| WORK REQUIRED |
The expected output is the full data, repeated exactly, without pictures.

| PROVIDED DATA |
● ● ● ● ● ● ●

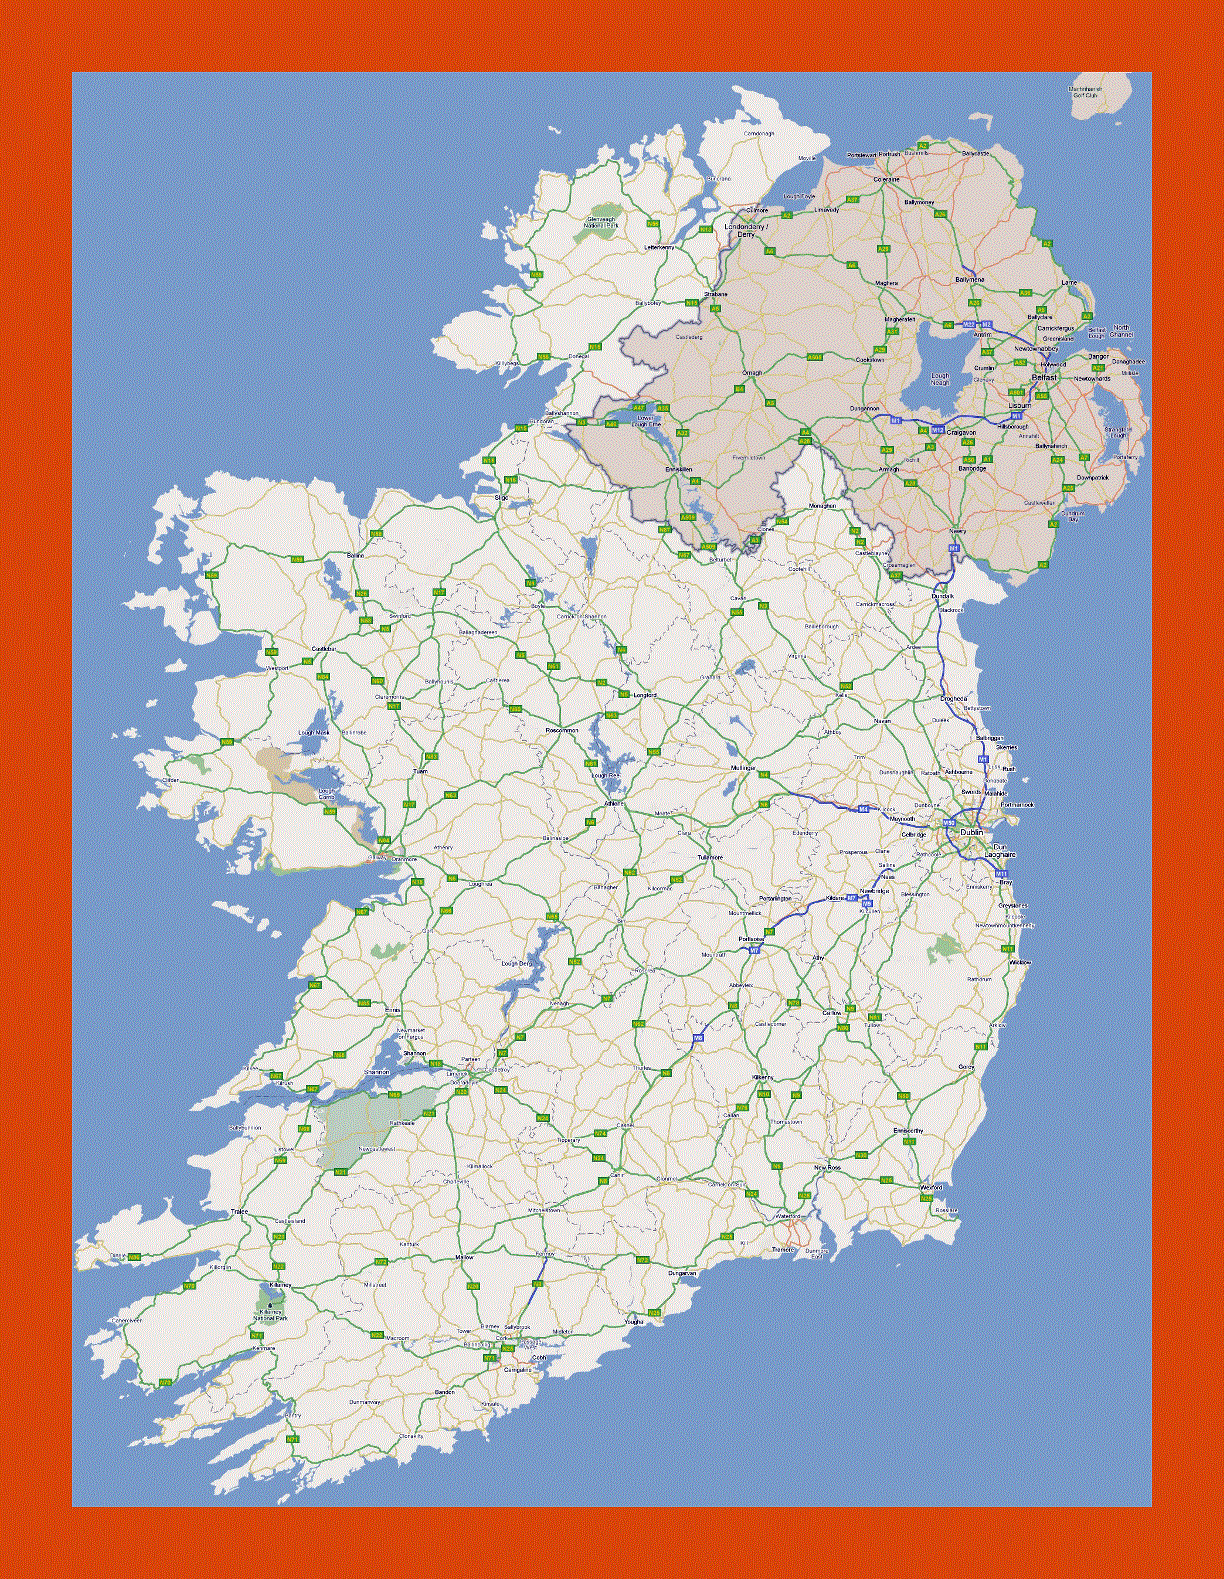 Road map of Ireland
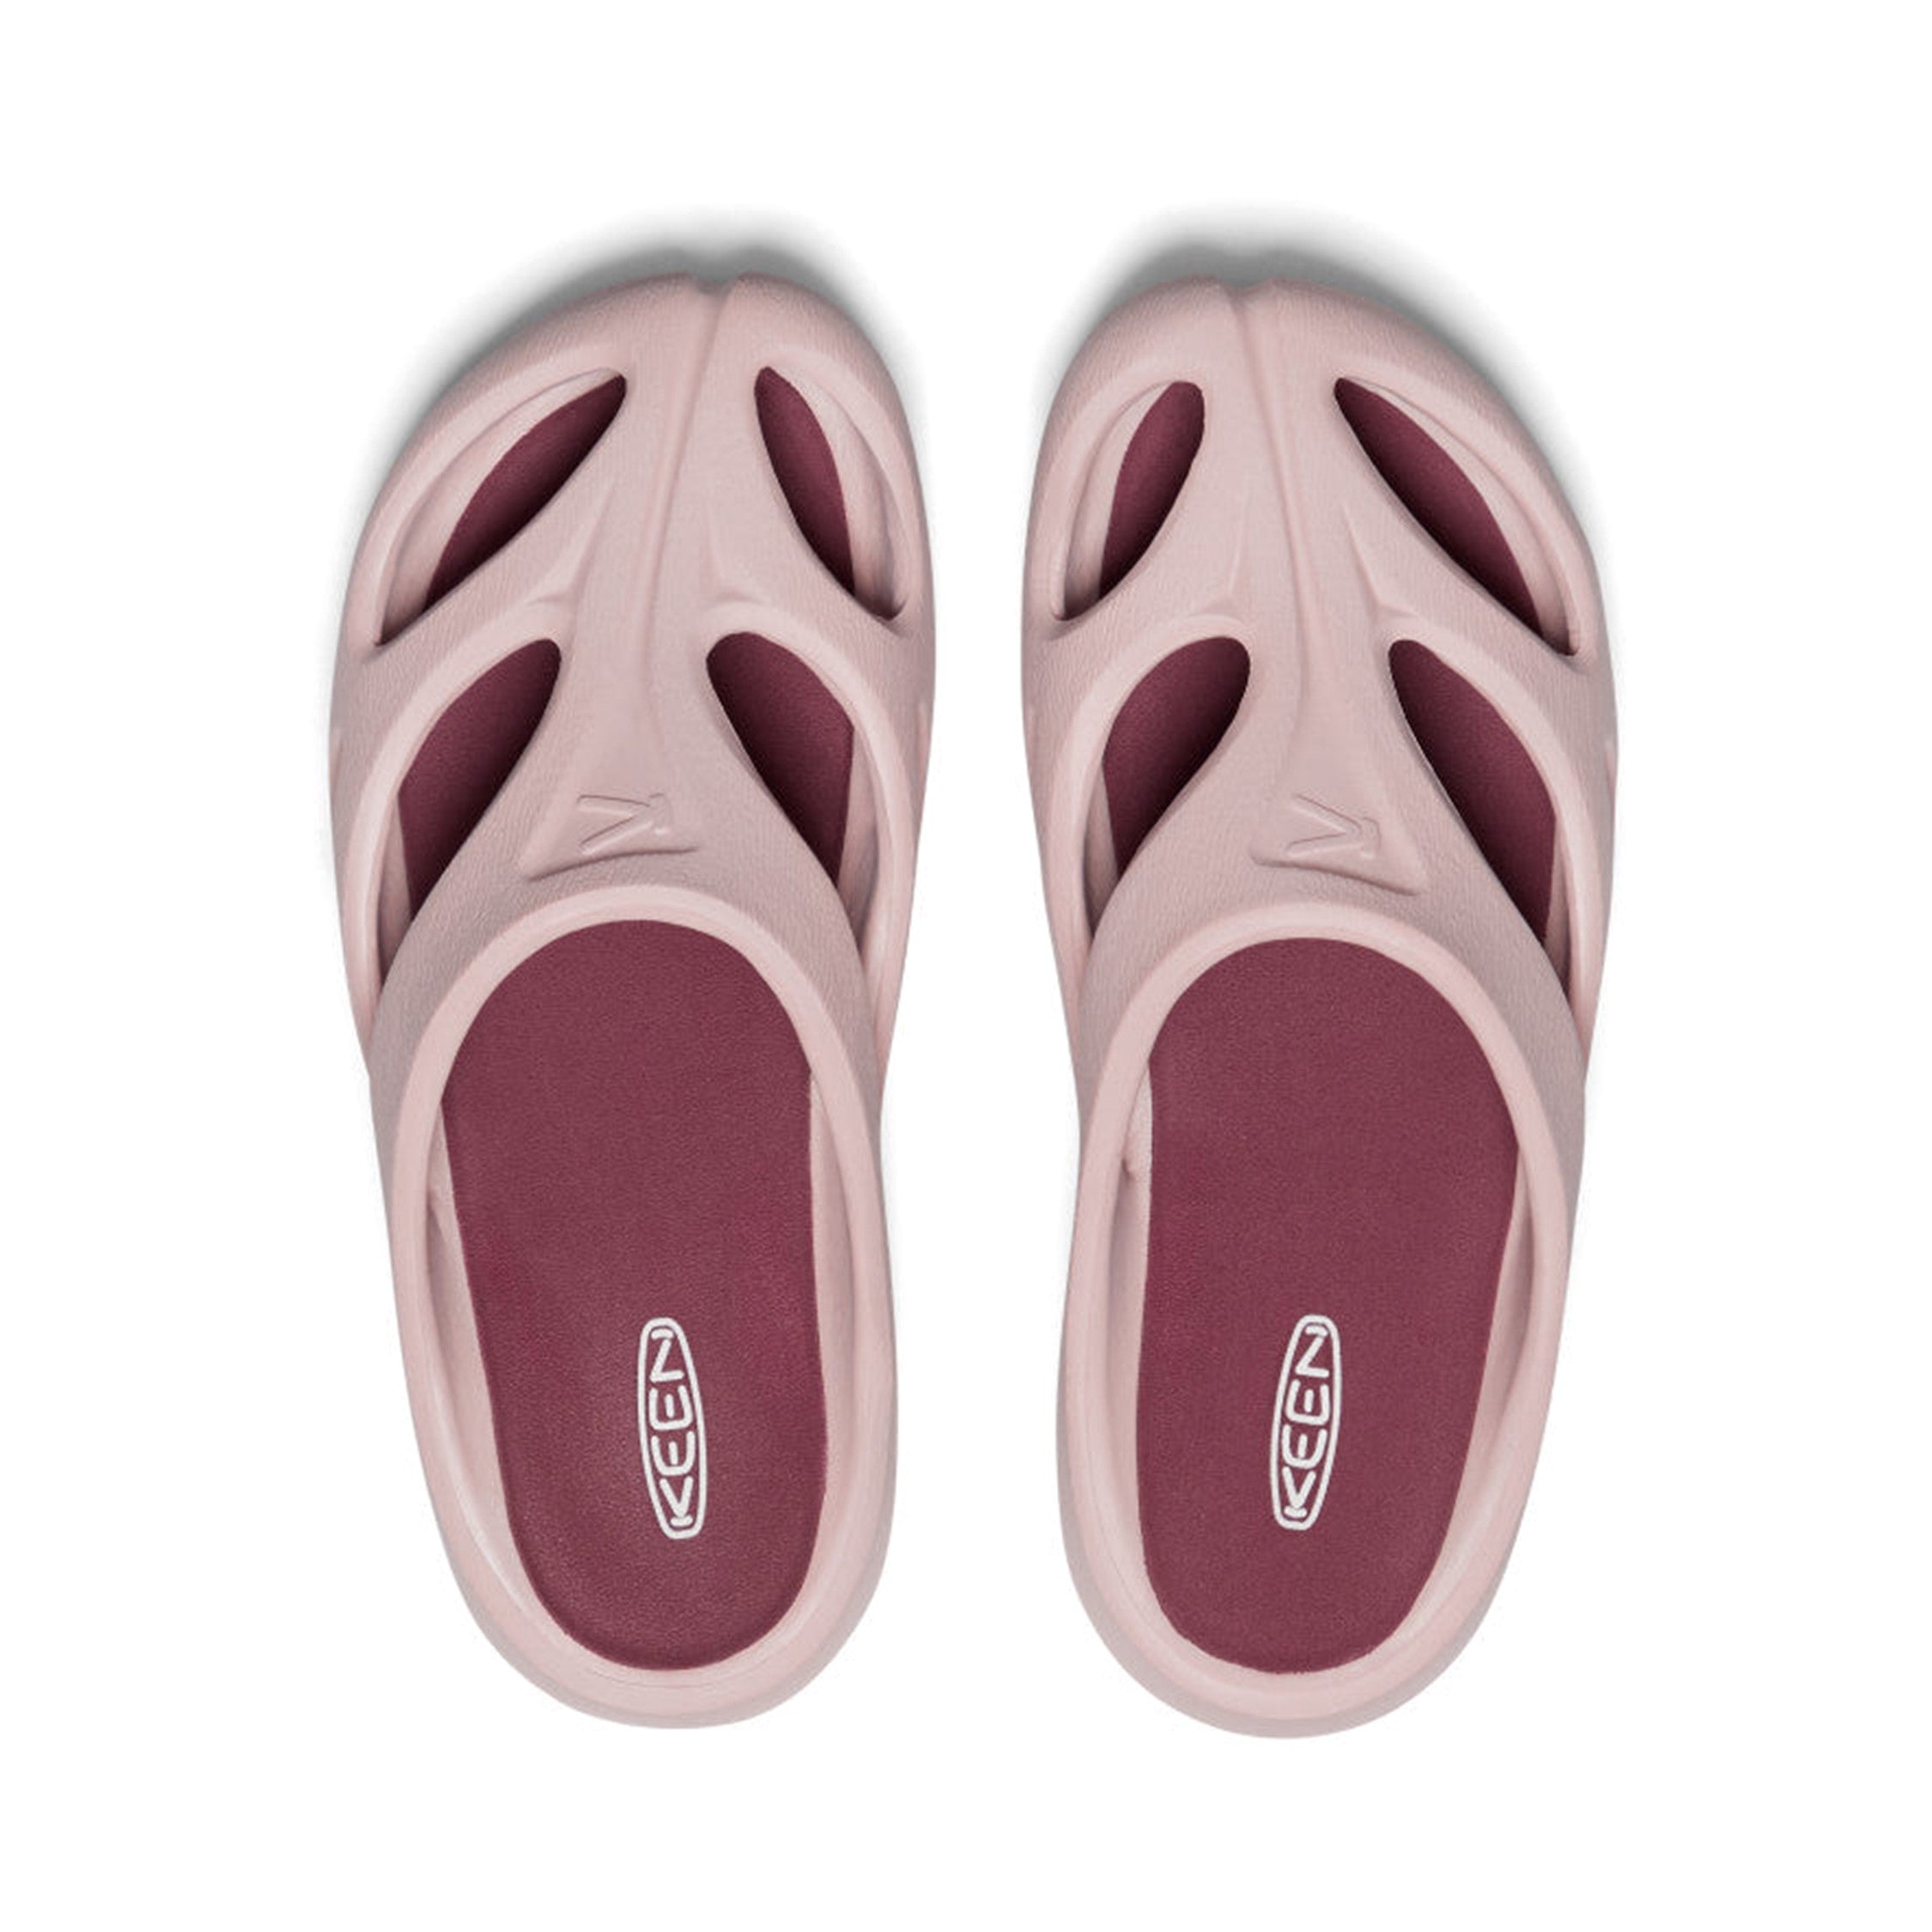 Shanti Women's Slip-on Clog Shoes - Fawn/Merlot
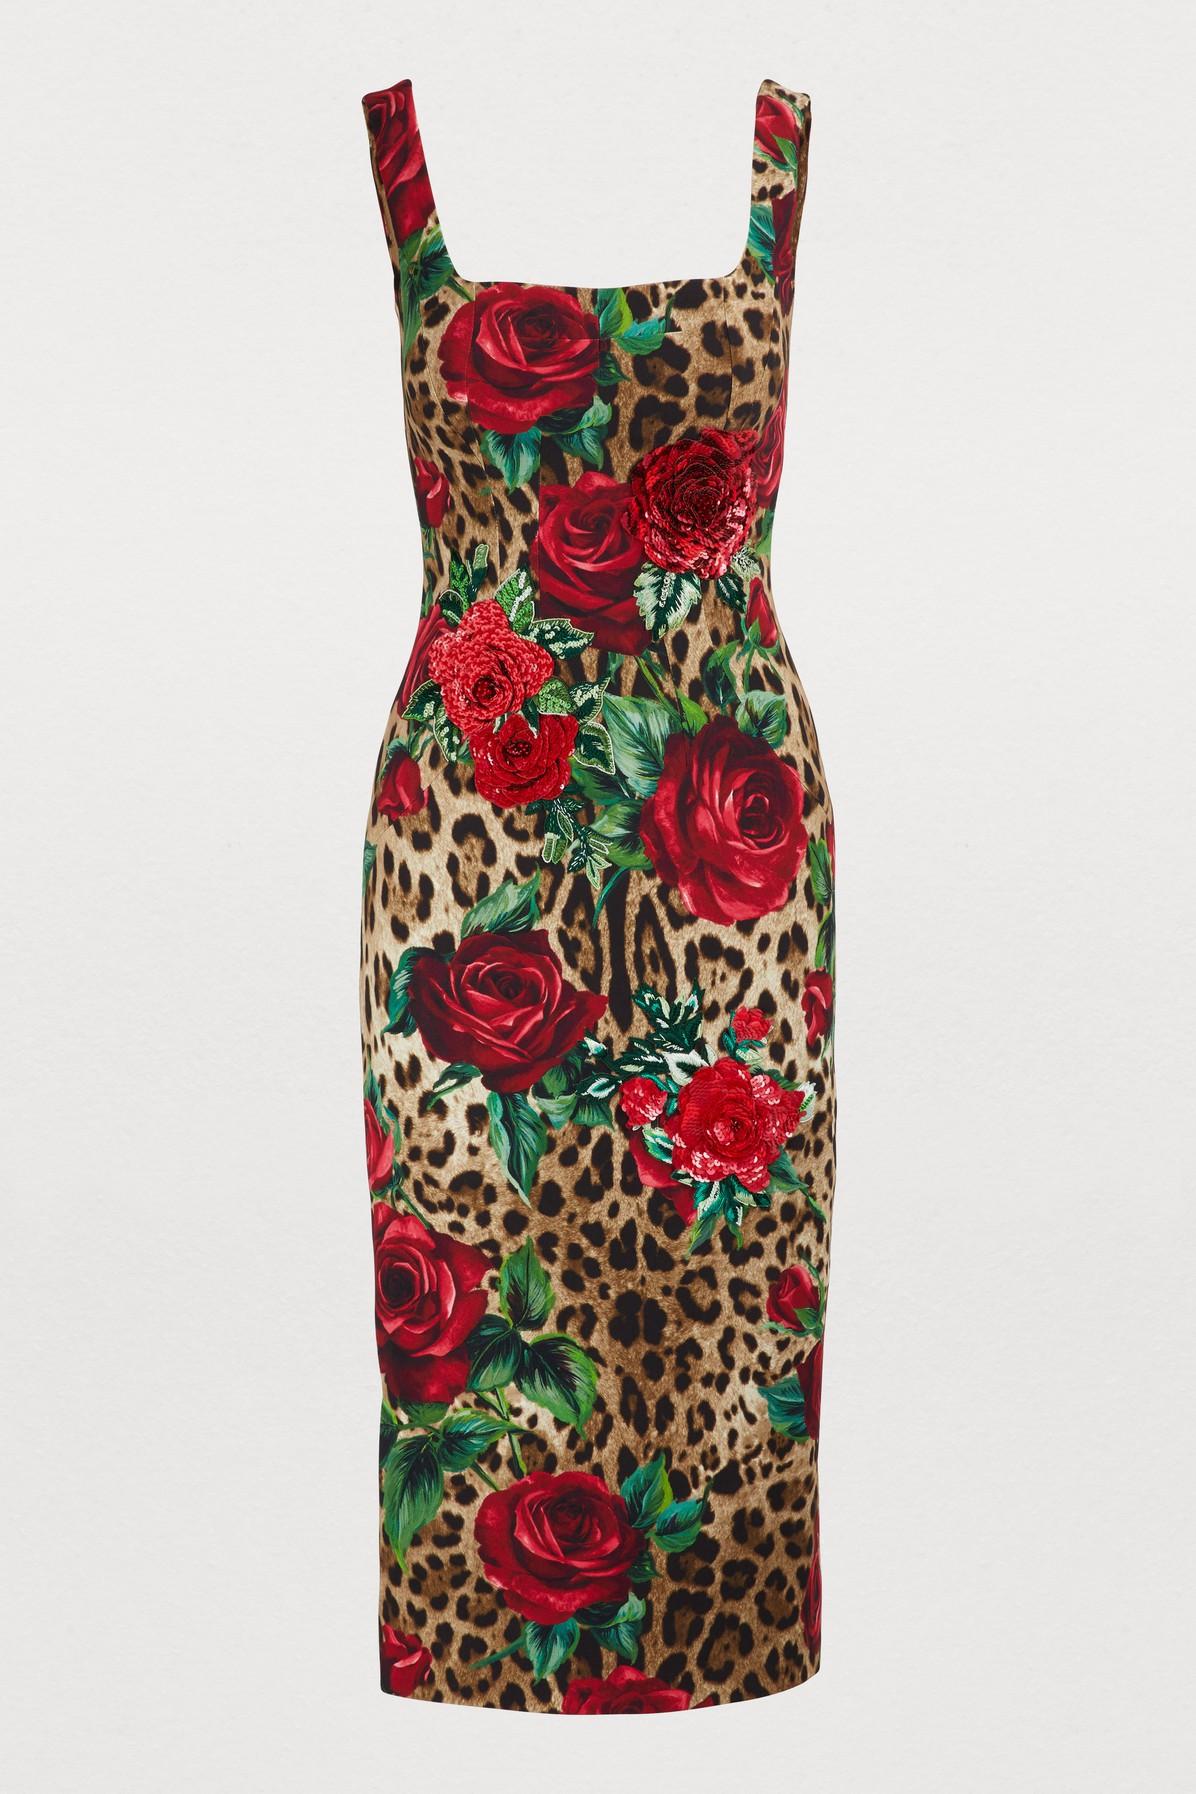 Dolce ☀ Gabbana Leopard And Rose Print ...

● ● ● ● ● ● ●

| EXPECTED ANSWER |
 Road map of Ireland
 Shanti Women's Slip-on Clog Shoes - Fawn/Merlot
 Dolce ☀ Gabbana Leopard And Rose Print ...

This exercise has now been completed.